From a crawler perspective, websites can safely use virtual directories and URLs. Browsers, search engine bots etc. all view your website from the outside. They have no knowledge of how your URL structure is implemented. They can not tell if pages or directories are physical or virtual.


Server Side Language


If a website uses using Cold Fusion, ASP.Net, JSP, PHP or similar as server side language has no consequence. Website crawlers only see the client-side code (HTML/CSS/Javascript) generated by the server-side code. (Whatever language is used to code it.)

Note: In settings, the crawler in our site analysis tool can be set to accept/ignore URLs with certain file extensions. If you have troubles, read about finding all pages and links.


Dynamicly Created Content on Server


Sites that dynamicly generate page content using server-side scripts and databases are crawled without problems by site crawlers and robots.

Note: Some search engine robots may slow when crawling URLs with ?. However, that is mainly because search engine are worried spending crawling resourced on lots of URLs with auto generated content. To mitigate this, you can use mod rewrite or similar in your website.

Note: Our website scraper and the MiggiBot crawler engine does not care about how URLs look.


Mobile Websites


Many websites nowadays use responsive and adaptive layouts that adjust themselves in the browser using client-side technologies, e.g. CSS and Javascript.

However, some websites have special website URLs for:
  • Feature phones that only support WAP and similar old technologies.
  • Smartphones with browsers that are very similar to desktop browsers and render content the same way.
  • Desktop computers, laptops and tablets where the screen area and view port is larger.

Generally, such mobile optimized websites know they need to output content optimized for mobile devices by either:
  • Assume they should always output content opimized for a given set of mobile devices, e.g. smart phones.
  • Perform server-side checks on the user agent passed to it by the crawler or browser.
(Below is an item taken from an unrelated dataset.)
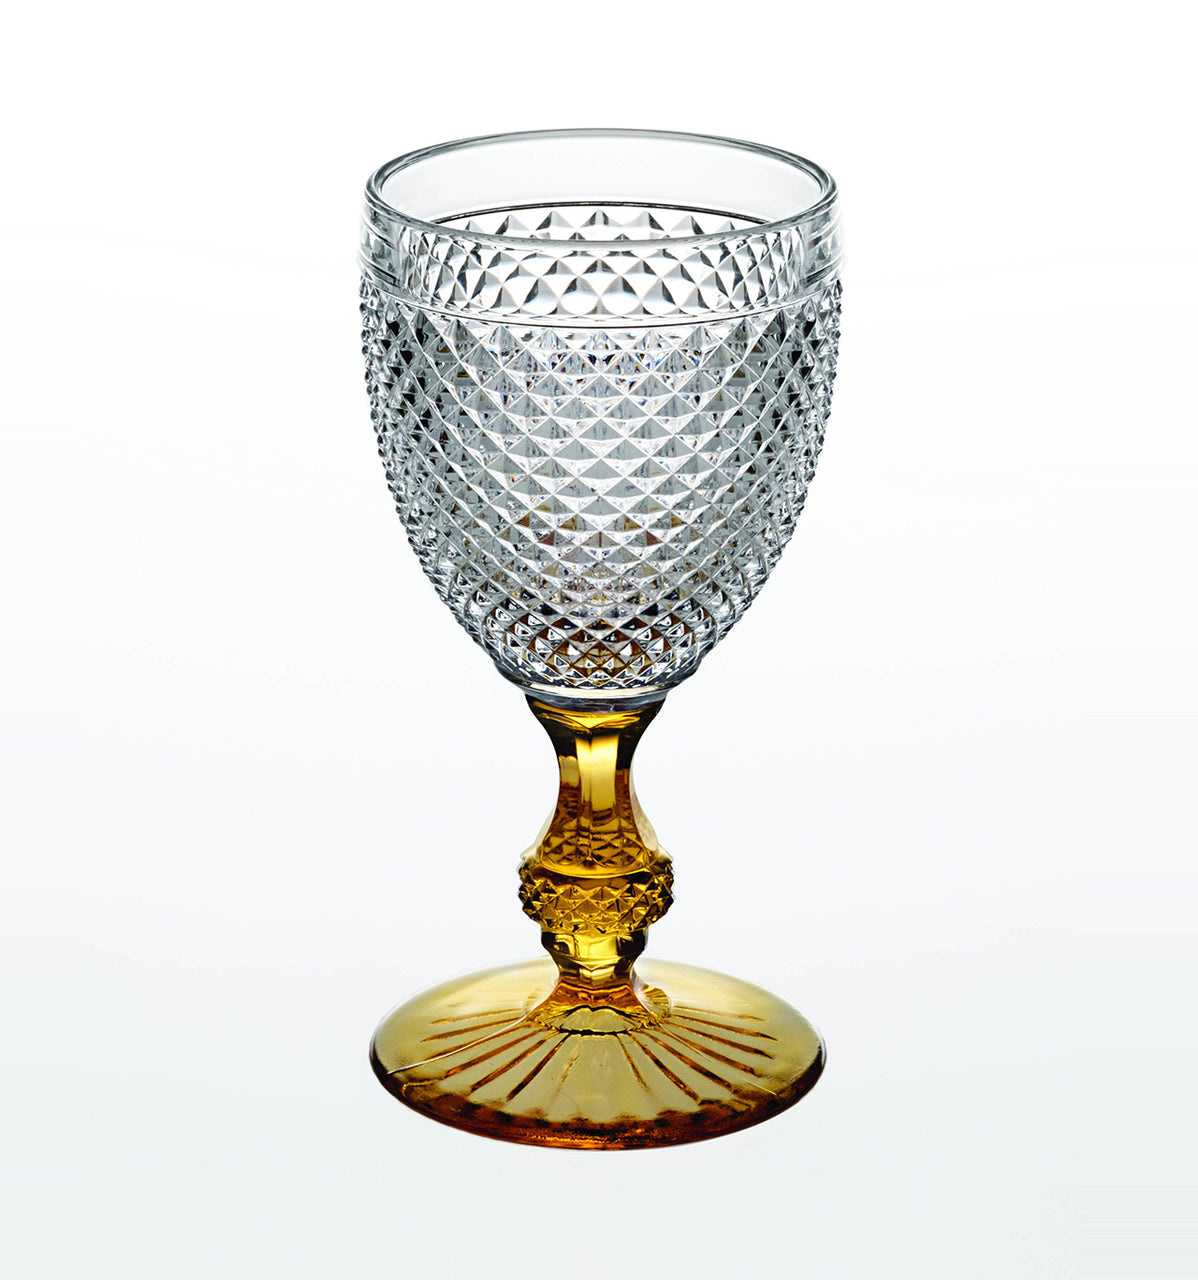 Bicos Goblet Collection (Available In 3 Colors)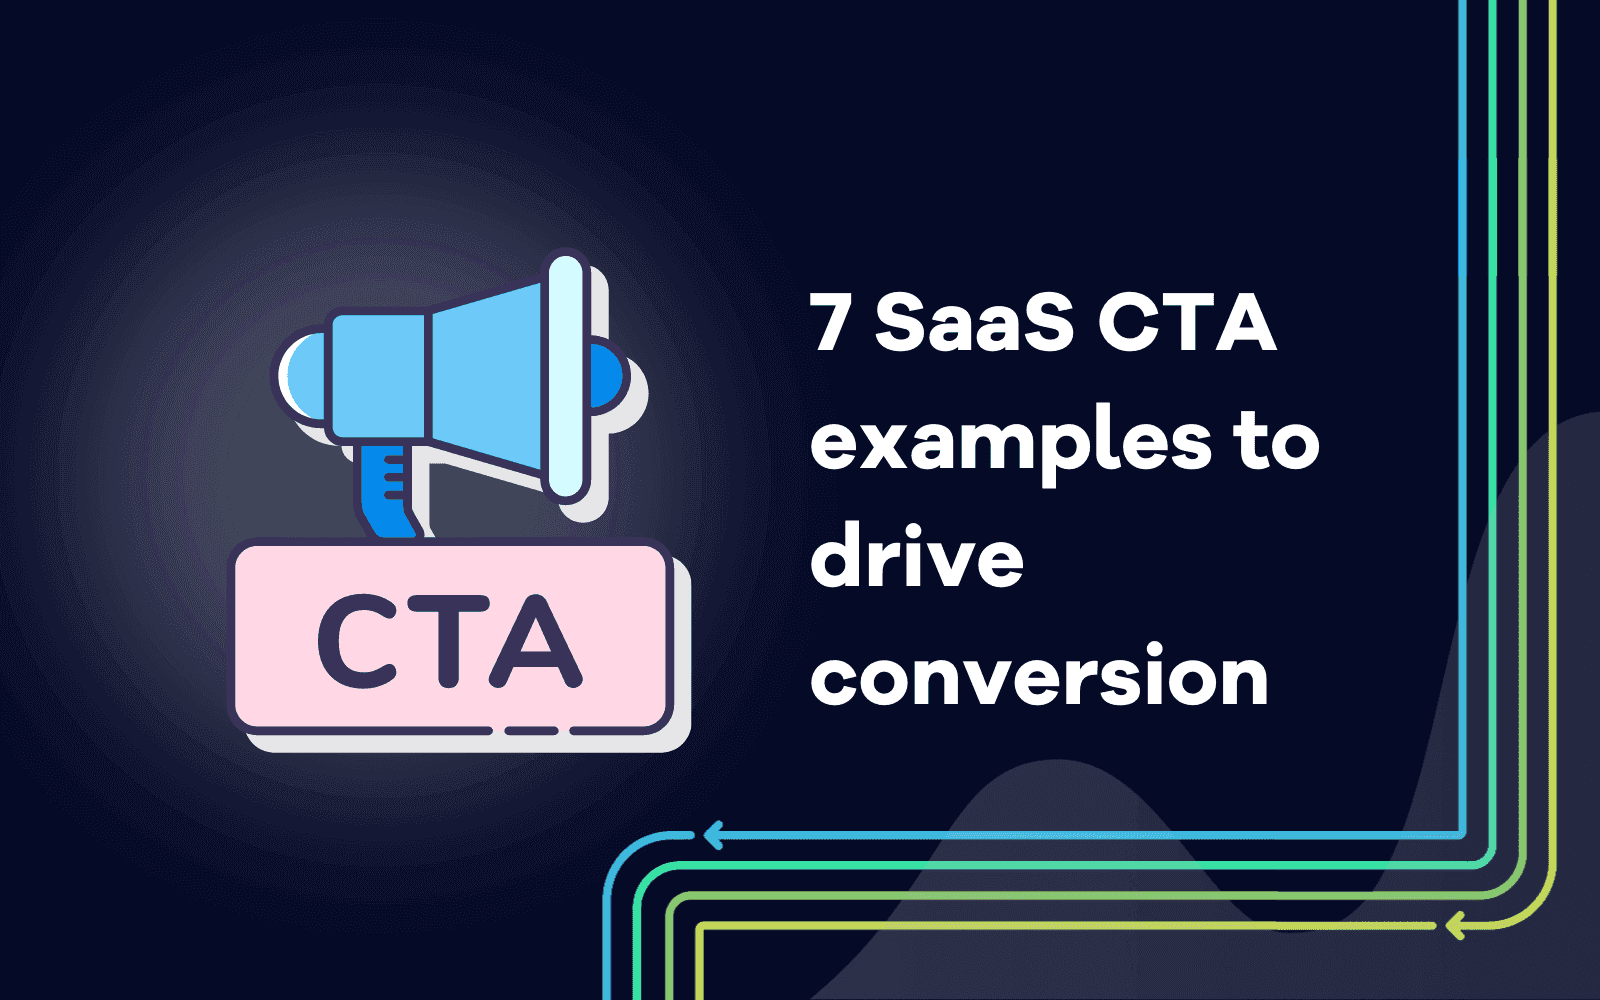 SaaS CTA examples to drive conversion

Then, if a mobile device is identified, it will eiher redirect to a new URL or simply output content optimized for mobile devices.

If you want the A1 Website Scraper crawler to see the mobile content and URLs your website outputs to mobile devices, simply change the setting General options | Internet crawler | User agent ID to one used by popular mobile devices, e.g this:

Mozilla/5.0 (Linux; Android 4.0.4; Galaxy Nexus Build/IMM76B) AppleWebKit/535.19 (KHTML, like Gecko) Chrome/18.0.1025.133 Mobile Safari/535.19.

You can do the same with most desktop browsers by installing a user agent switcher plugin. That allows you to inspect the code returned by your website to mobile browsers.

Note: If your mobile optimized website uses a mix of client-side and server-side technologies such as AJAX to detect the user agent and alter content based on it, it will not work on many website crawlers including, as of 2014 September at least, A1 Website Scraper. However, it will work in most browsers since they run/execute Javascript code which can query the browser for the user agent ID.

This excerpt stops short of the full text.